In questi giorni esce nelle sale, per la regia di Francesca Comencini, l'ottimo film "Lo spazio bianco" tratto dal romanzo di Valeria Parrella; storia di una drammatica involontaria maternità di una Margherita Buy tenera e malinconica, sopraffatta da una gravidanza in abbandono del partner seguita dalla nascita prematura di una bambina.

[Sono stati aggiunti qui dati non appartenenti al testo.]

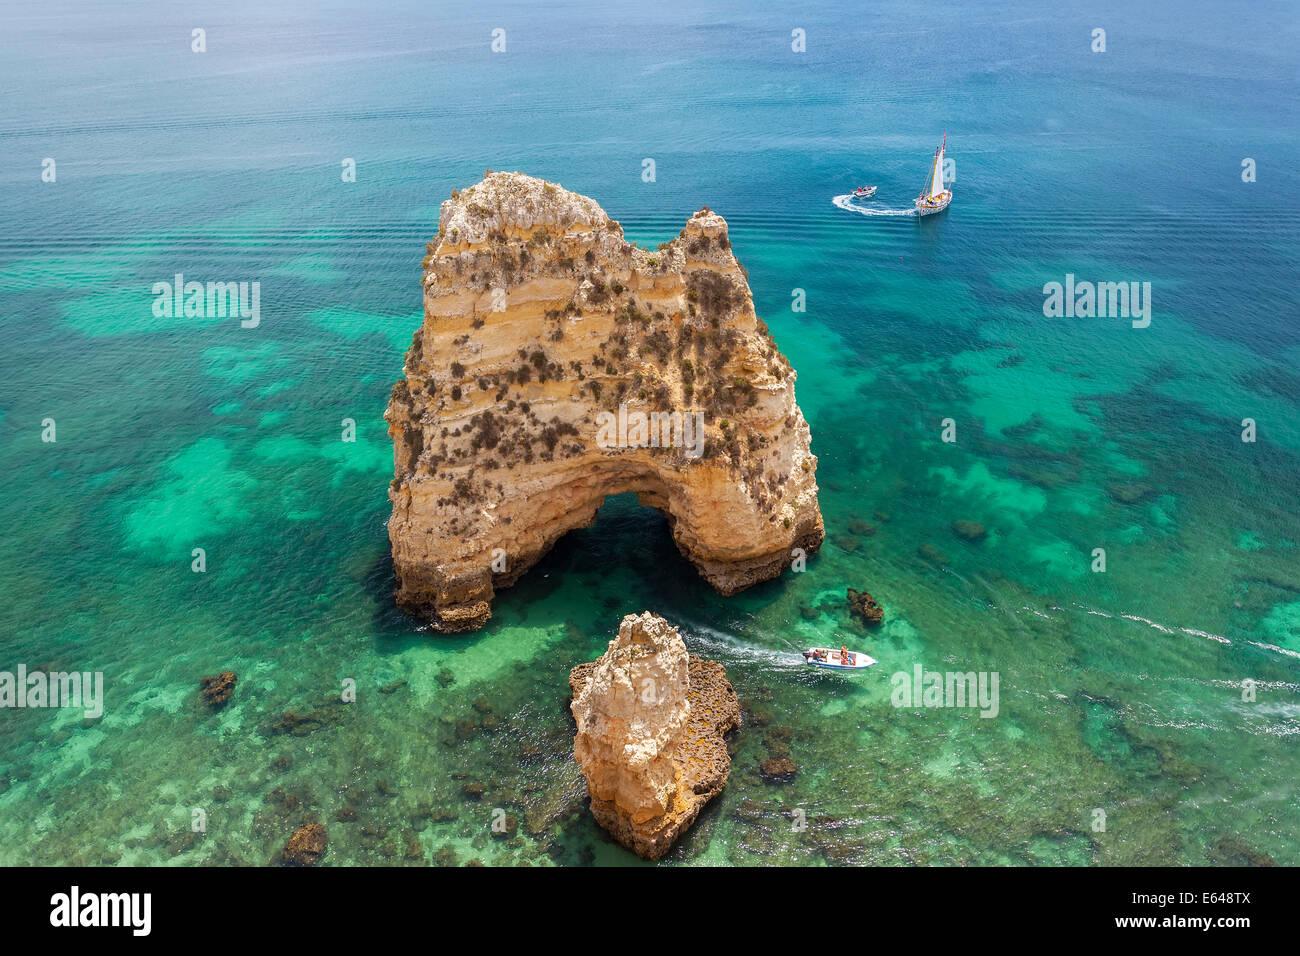 Ponta da Piedade near Lagos, Algarve, Portugal - Stock Image

Maria (Margherita Buy) è una quarantenne insegnante di italiano delle scuole serali nella Napoli odierna; Maria è praticamente sola, in quanto priva di genitori e senza legami affettivi, se non l'amicizia di Fabrizio, collega di lavoro; unico passatempo il cinema, dove incontra Pietro, ragazzo padre, da cui dopo breve ma intensa relazione, rimane incinta. Il giovane impaurito dalla nuova paternità scompare, nasce una figlia prematura ed inizia un periodo, lo spazio bianco appunto, dove la matura madre è costretta a confrontarsi con le proprie debolezze, desideri ed incoerenze, mentre la neonata sopravvive nell'incerta atmosfera dell'incubatrice.
La storia si sviluppa attraverso l'ansia di questa madre involontaria ed immatura, che cerca di resistere a questo nuovo e angosciante evento della "nascita non nascita"; ansia che si manifesta con una continua spola fisica e psicologica fra la vita condotta fino a quel giorno e l'ospedale, fra i banali ed opachi affetti del suo vissuto di prima ed il calore e le amicizie, che via via sembrano consolidarsi e farsi più vere, nelle persone e negli ambienti di ricovero della figlia.
Si assiste pian piano all'accettazione, pur nella sofferenza di un'attesa snervante, alla crescita di questa donna che sola, in una pressoché completa assenza di responsabilità maschili, ma di contro in un mondo di donne e madri forzatamente rassegnate ad arrangiarsi, riesce a sollevarsi dall'opaco tran tran della sua vita da single ed a prendere decisioni ed impegni vitali.
Ben scelta la sceneggiatura con l'alternanza del suono a momenti di vuoto dell'audio quasi a sottolineare l'attesa infinita dell'evolversi del tempo e degli eventi nell'ambiente delle incubatrici.
Grandiosa e regale la Buy, che da sola riempie praticamente lo schermo, con questa sua iniziale ricerca spontanea, quasi infantile, di calore e amore, per colmare vuoti di una solitudine non voluta, e che dopo il parto si apre, seppur gradualmente, verso un interesse ed un amore ancora indefinito ma più maturo.
Il colore un po' scialbo della pellicola ricalca quello livido dell'ambiente ospedaliero, dove la freddezza degli strumenti e degli arredi non è compensata dalla tenerezza dei neonati, che quasi mai si vedono o si sentono; caso mai questa atmosfera ovattata è compensata dalla tesa passione ed angoscia di altre madri "incomplete".
Anche la Napoli che si intravvede negli esterni, forse per la perenne assenza di sole, appare fuori dai soliti cliché, quindi né folkloristica né platealmente miserabile, ma tutto sommato dignitosa ed umile, rispecchiando quasi la vita dei personaggi che animano la storia. Proprio da questi, dal calore che ognuno riversa sull'altro, nella ricerca di lenire e mitigare le rispettive debolezze e difficoltà esistenziali, viene in parte compensata la malinconia e la piatta vita degli interpreti. Ed ecco l'amicizia fra Maria ed il collega Fabrizio; l'affettuoso rispetto fra gli adulti allievi della scuola serale e Maria; l'amore che pure rubato e senza futuro si crea fra la protagonista ed alcuni uomini incontrati nella storia; la simpatica e crescente complicità fra madri di ceti diversi che vivono il medesimo destino d'attesa nell'incerto "Spazio bianco".
Da non perdere.
Regia: Francesca Comencini
Attori: Margherita Buy, Antonia Truppo, Gaetano Bruno, Giovanni Ludeno
Anno: 2009, Italia
In visione nei cinema di Bologna:
Arlecchino, via Lame, 57
Tel: 051/ 52.22.85
Commenti
Lo spazio bianco
Visto che ultimamente ti hanno scritto in molti,anch'io voglio farti sentire la mia voce.Veramente completa la recensione de "Lo spazio bianco". Cosa che del resto penso riguardo alla maggior parte delle tue critiche. Continua così.